Many of you have probably noticed the lack of posts on my blog lately. I haven’t even thought about my blog for the last few weeks because of the usual suspects this time of year. Thanksgiving took a good portion of my energy and now that Christmas is just over a week away I really haven’t had time to focus on anything other than family, holiday obligations and shopping. (There is some laziness involved as well).
This lack of time got me thinking about the obligations of the holiday season when it comes to family and why we feel we need to rush all over to make the holidays special. My wife and I have always made a point to see each of our families over the Christmas holiday. Visiting and going to multiple gatherings over a span of a few days is exhausting. This is especially tiring since we live in a different state than our families and our families don’t live near each other. We get a couple days with one family, bouncing around to see mom and dad, grandmas, aunts and uncles, cousins and siblings but never get any relaxation because when we drive to the other spouses family we do it all over again. I am exhausted when I get back from my holiday break.
This year there is the added stress of trying to enjoy our first Christmas with a child. When it was just my wife and I it wasn’t as difficult to do all that driving but now that we have a son in tow I want him to enjoy Christmas too. Sure it’s always fun seeing family around the holidays, but I want to start new traditions of staying in my own home on Christmas eve baking cookies for Santa and getting excited for Christmas morning. I want my son to wake up in his own bed and be able to come out into the living room and see the tree all lit up and presents dropped off by that jolly old man waiting for him. It’s not that I don’t love our families it’s just now that I have my own I want to have our traditions.

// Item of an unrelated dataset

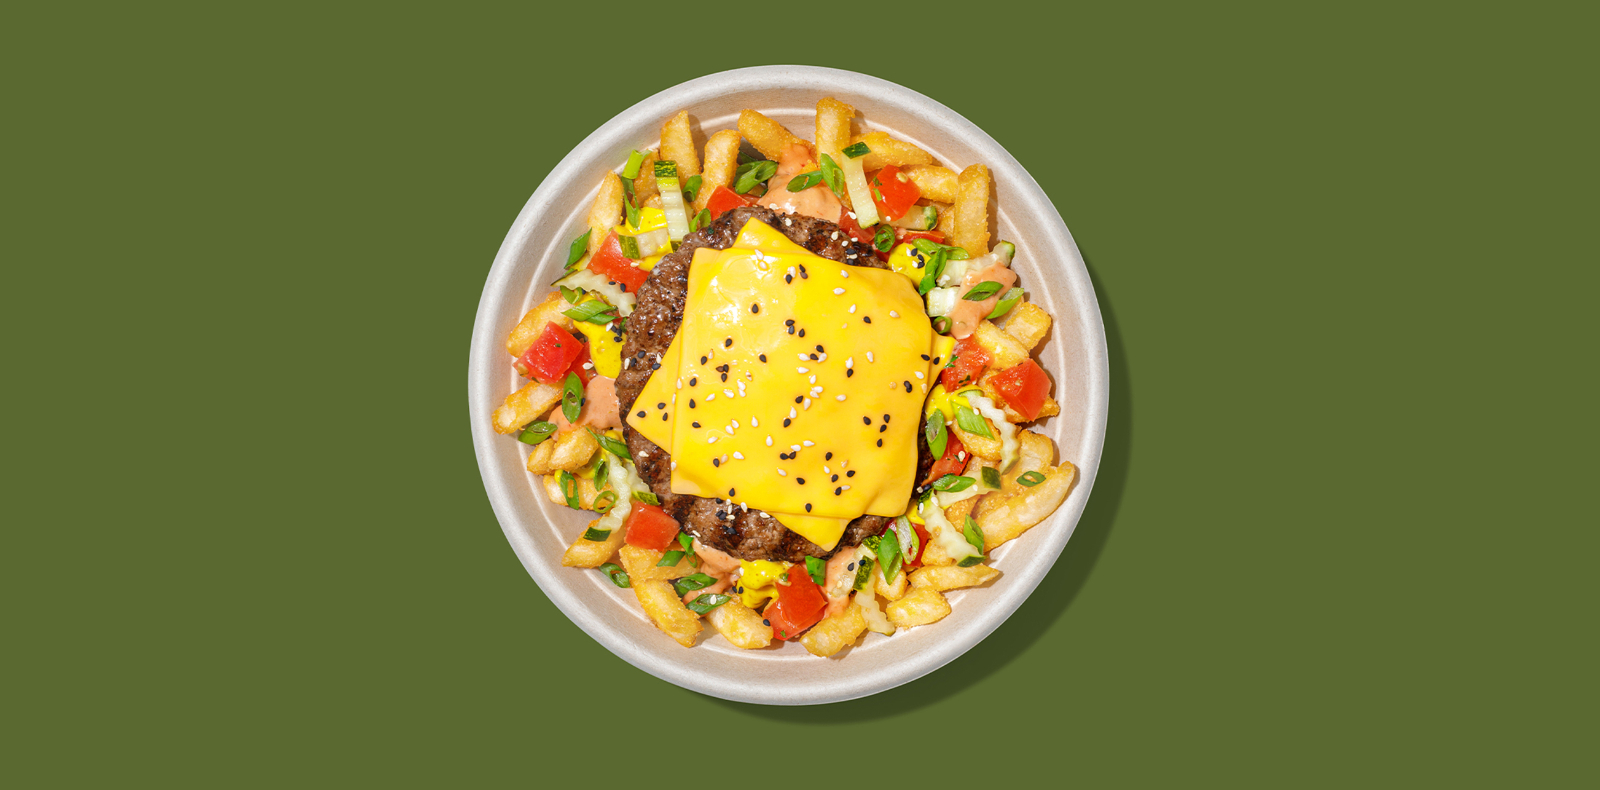  New Roadtrip Bowl called Cheeseburger FryBowl™ with Quarter-pound hamburger with double american cheese, bark + bite sauce-smothered fries, housemade liquid blanket® IPA mustard, pickles, tomatoes, green onions, sesame seeds alt tag

I’m writing this post because this stuff about starting family traditions of our own has been on my mind since the moment I found out my wife was pregnant. I want to enjoy my son’s childhood and make memories we can have for years to come that are enjoyable. I want him to enjoy Christmas the way I did when I was younger. I don’t enjoy the holiday as much because of the stress of travel and I regret not having the joy I once had. I know this is only the beginning of stressful moments when it comes to raising my son, but it’s also something important to me with how I want to be as a father. Don’t get me wrong. I enjoy spending time with my family, but I also want to enjoy the holidays because we’re doing what we think is fun not because we have to.